#### WHAT YOU SHOULD DO:
For this exercise, write out the whole listing below exactly, omitting its images.

#### DATA BLOCK:
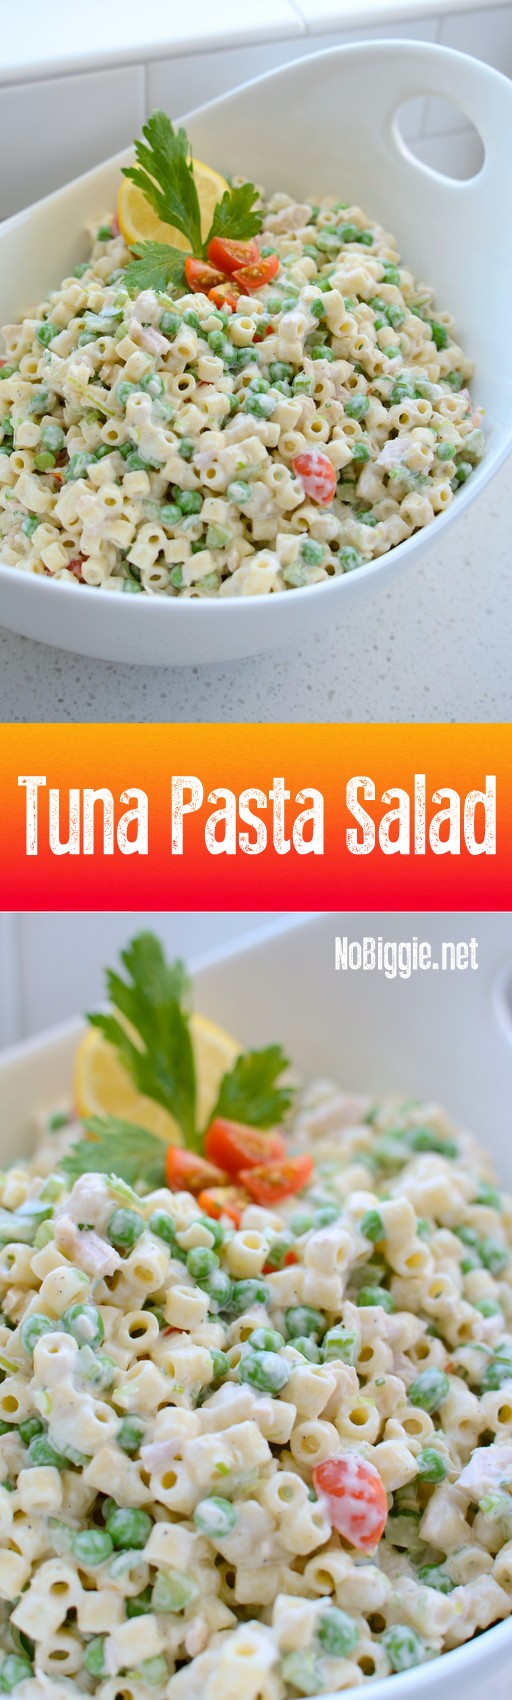 http://www.nobiggie.net/wp-content/uploads/2016/06/Tuna-Pasta-Salad.jpg
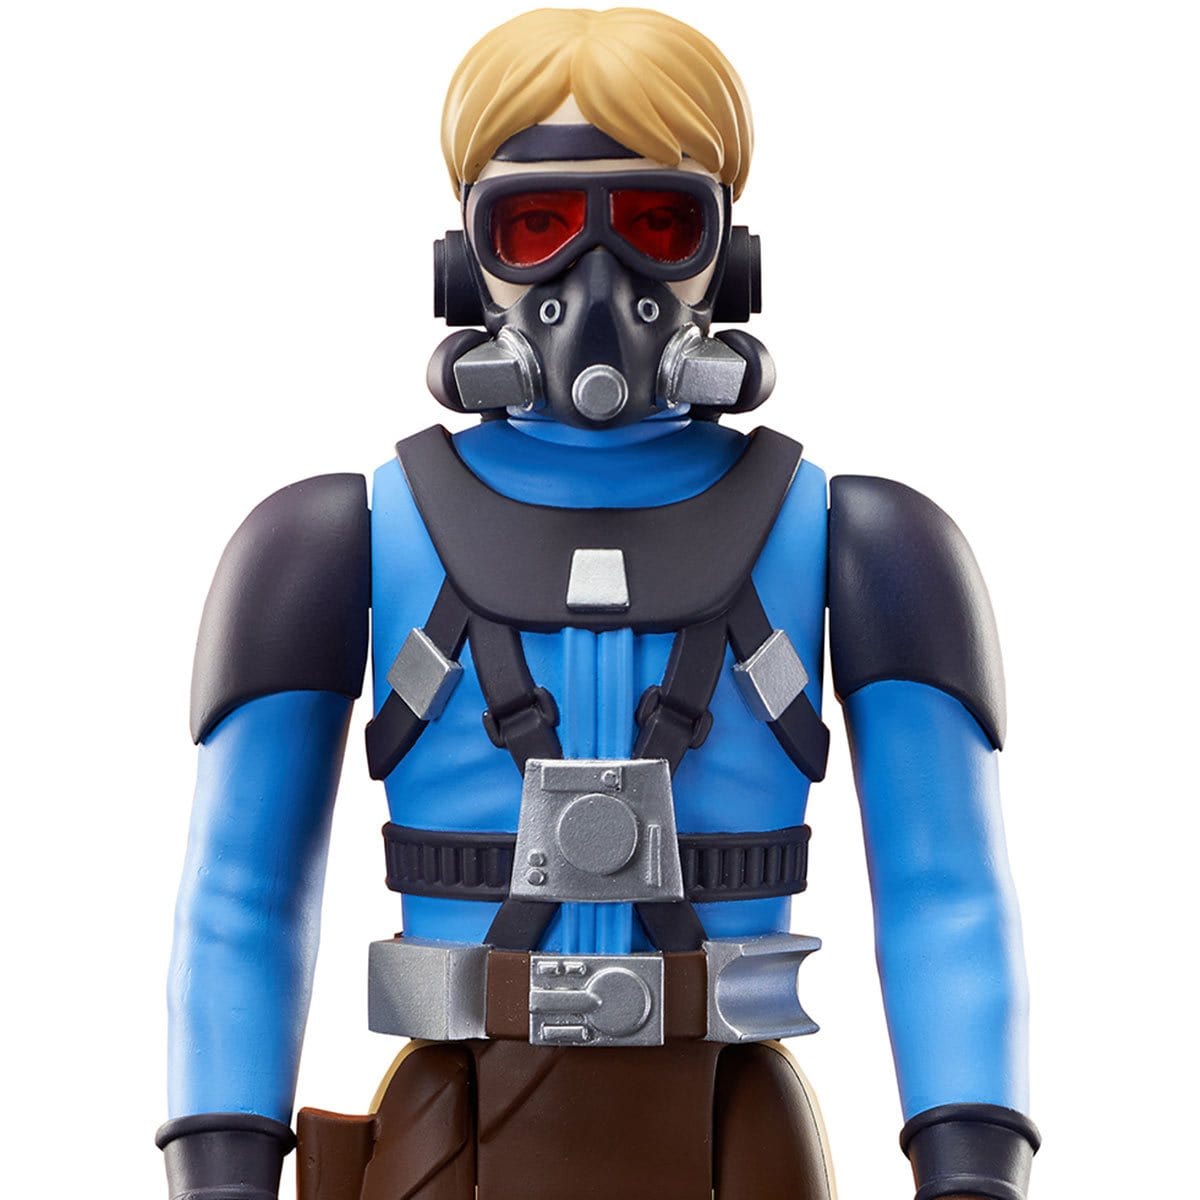 Star Wars Concept Luke Skywalker 12-In Jumbo Action Figure close up
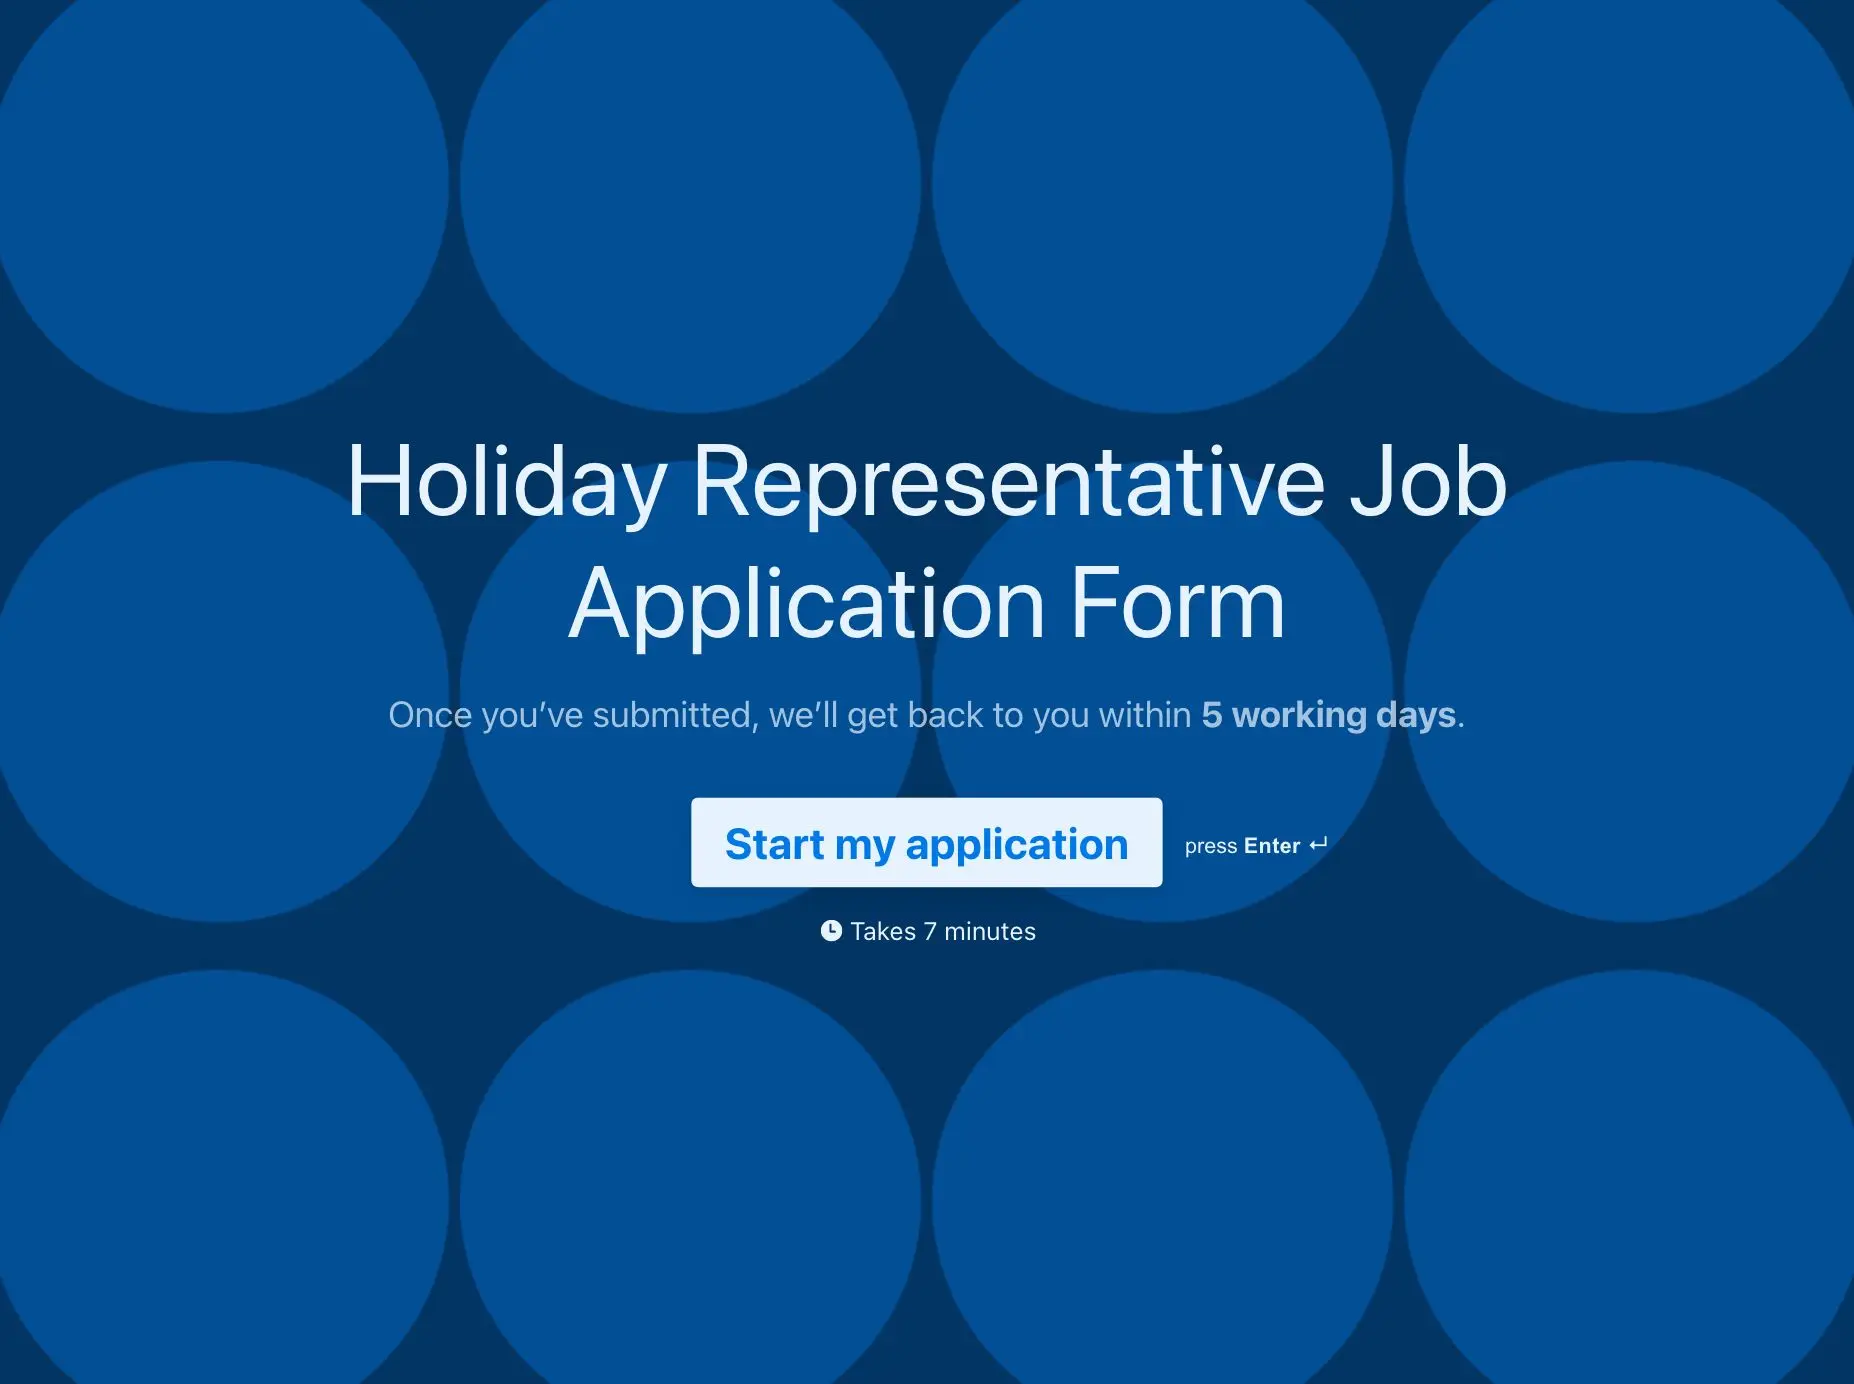 Holiday Representative Job Application Form Template Hero
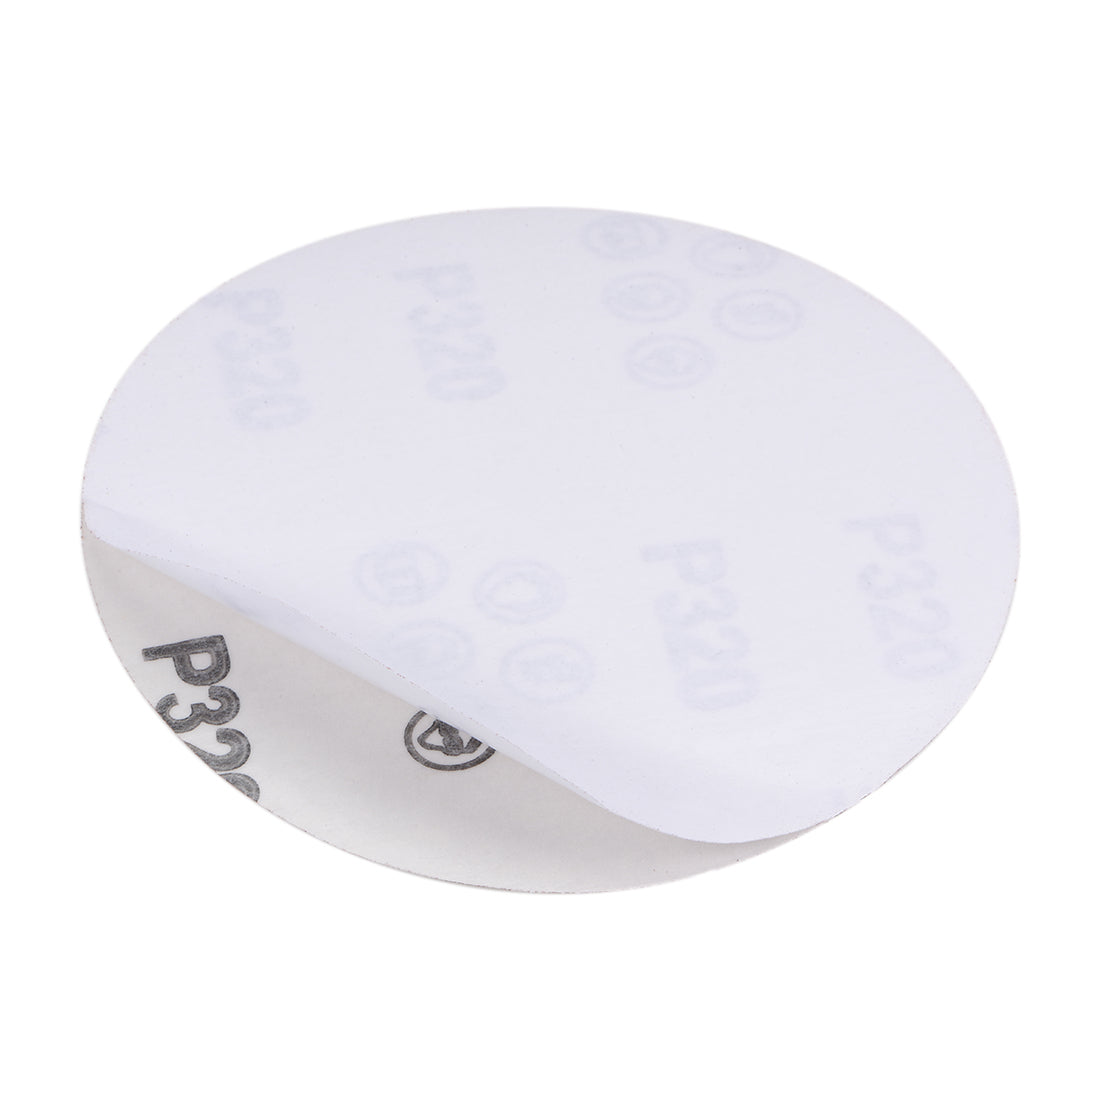 uxcell Uxcell 5-Inch PSA Sanding Disc Aluminum Oxide Adhesive Back Sandpaper 320 Grit 10 Pcs

#### RESPONSE TO THIS TASK:
 http://www.nobiggie.net/wp-content/uploads/2016/06/Tuna-Pasta-Salad.jpg
 Star Wars Concept Luke Skywalker 12-In Jumbo Action Figure close up
 Holiday Representative Job Application Form Template Hero
 uxcell Uxcell 5-Inch PSA Sanding Disc Aluminum Oxide Adhesive Back Sandpaper 320 Grit 10 Pcs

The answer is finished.